The inquiry appears to be tied to an admission by the app’s owner, ByteDance, that employees had inappropriately obtained Americans’ data. The company said it had fired the workers involved.

TikTok’s U.S. offices in Culver City, Calif.Credit...Mike Blake/Reuters

WASHINGTON — The Justice Department is investigating the surveillance of American citizens, including several journalists who cover the tech industry, by the Chinese company that owns TikTok, according to three people familiar with the matter.

The investigation, which began late last year, appears to be tied to the admission in December by the company, ByteDance, that its employees had inappropriately obtained the data of American TikTok users, including that of two reporters and a few of their associates.

The department’s criminal division, the F.B.I. and the U.S. attorney for the Eastern District of Virginia are investigating ByteDance, which is based in Beijing and has close ties with China’s government, according to a person with knowledge of the situation.

A Justice Department spokesman had no comment.

Confirmation of the investigation comes as the White House hardens its stance toward forcing the company to address national security concerns about TikTok. They include fears that China might be using the popular video service to gather data about or spy on Americans, undermine democratic institutions and foster internet addictions among young people.

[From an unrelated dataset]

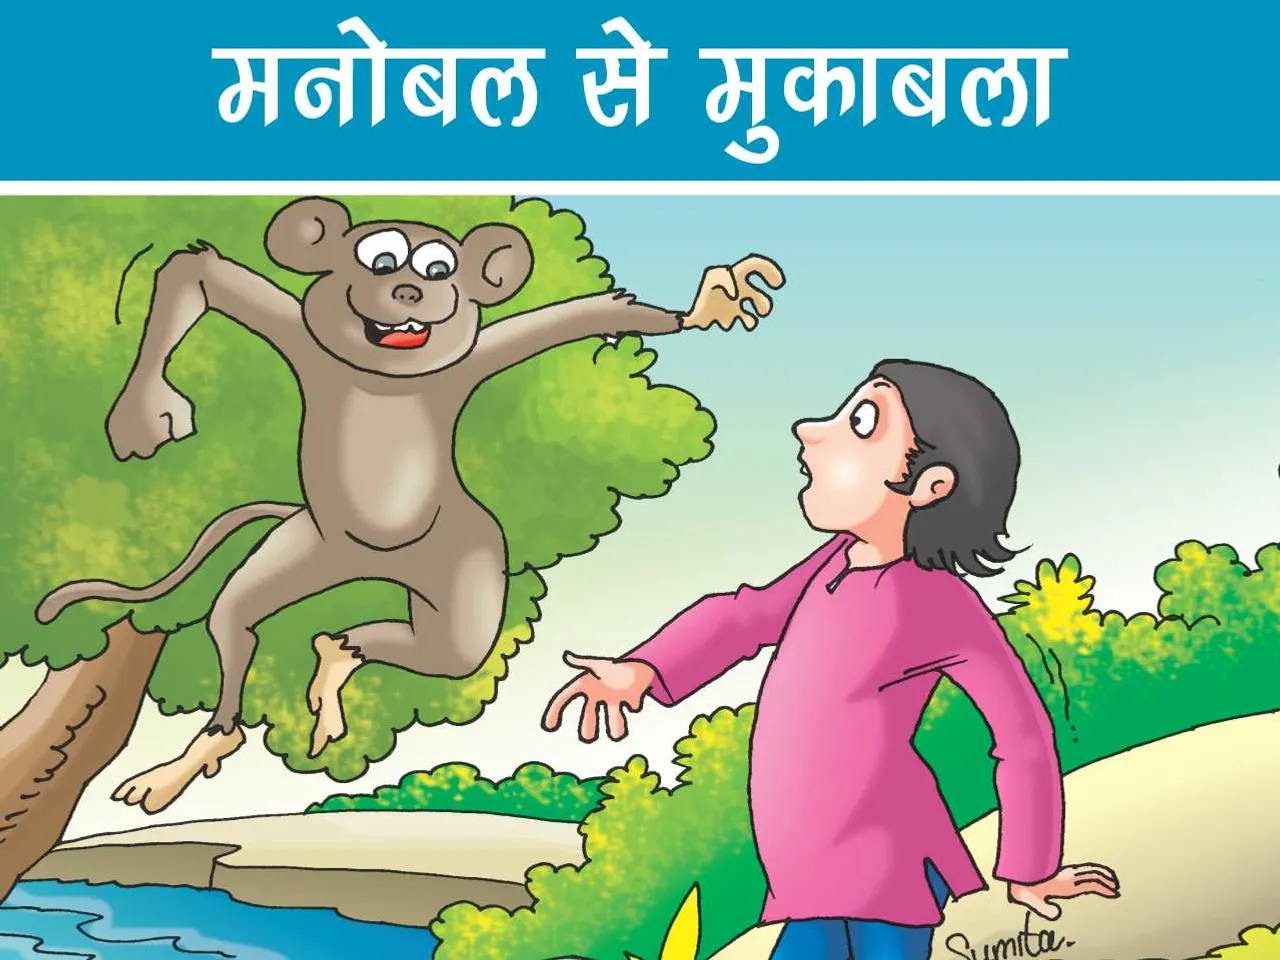 Boy and Monkey near water body cartoon image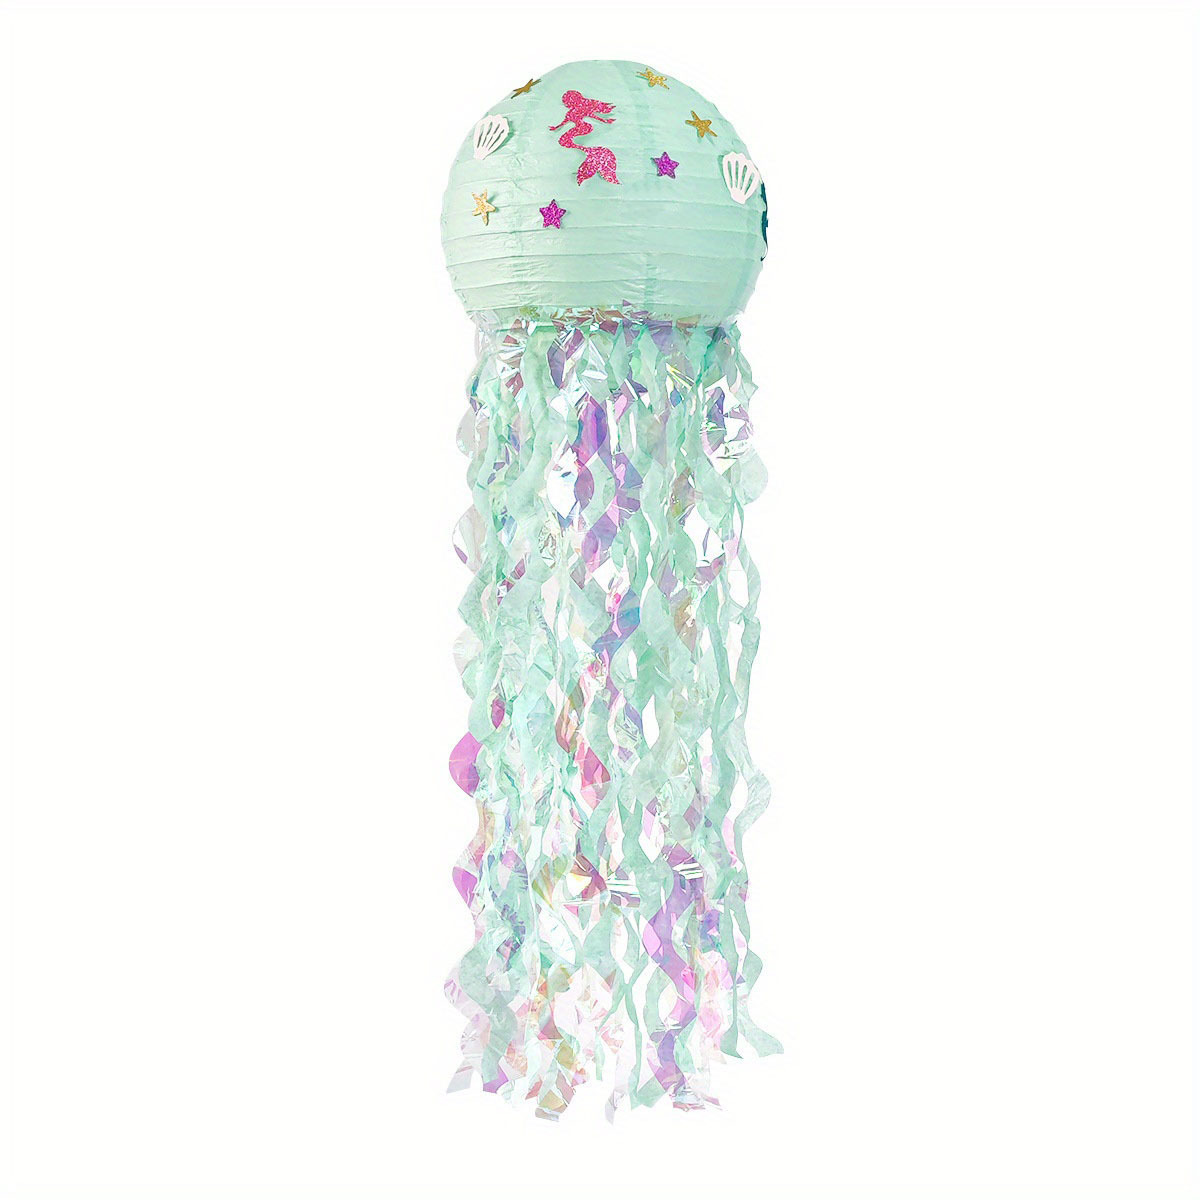 Jellyfish Fieldmermaid Jellyfish Paper Lantern For Party

TikTok disclosed this week that the Biden administration had asked its owner to sell the app — which is already being blocked from government phones in the U.S., Europe and more than two dozen states — or face a possible nationwide ban.

The federal criminal inquiry was reported earlier by Forbes magazine. The journalist who wrote the story said she was one of the people whose data had been tracked by the company.

The ByteDance employees implicated in the surveillance, who were later fired, were trying to find the sources of suspected leaks of internal conversations and business documents to journalists. They gained access to the IP addresses and other data of the reporters and people they were connected to via their TikTok accounts.

Two of the employees were based in China. The company said it was making changes to prevent such breaches in the future.

But the company’s reassurances have done little to quell growing demands by politicians on both sides of the aisle to block or ban the app. President Biden has said he might support an effort, now working its way through Congress, to ban the app in the U.S.

This represents a drastic shift over the past year, when some in the administration were expressing confidence that a compromise could be struck that would allow the company to continue its operations in exchange for major changes to its data security and governance.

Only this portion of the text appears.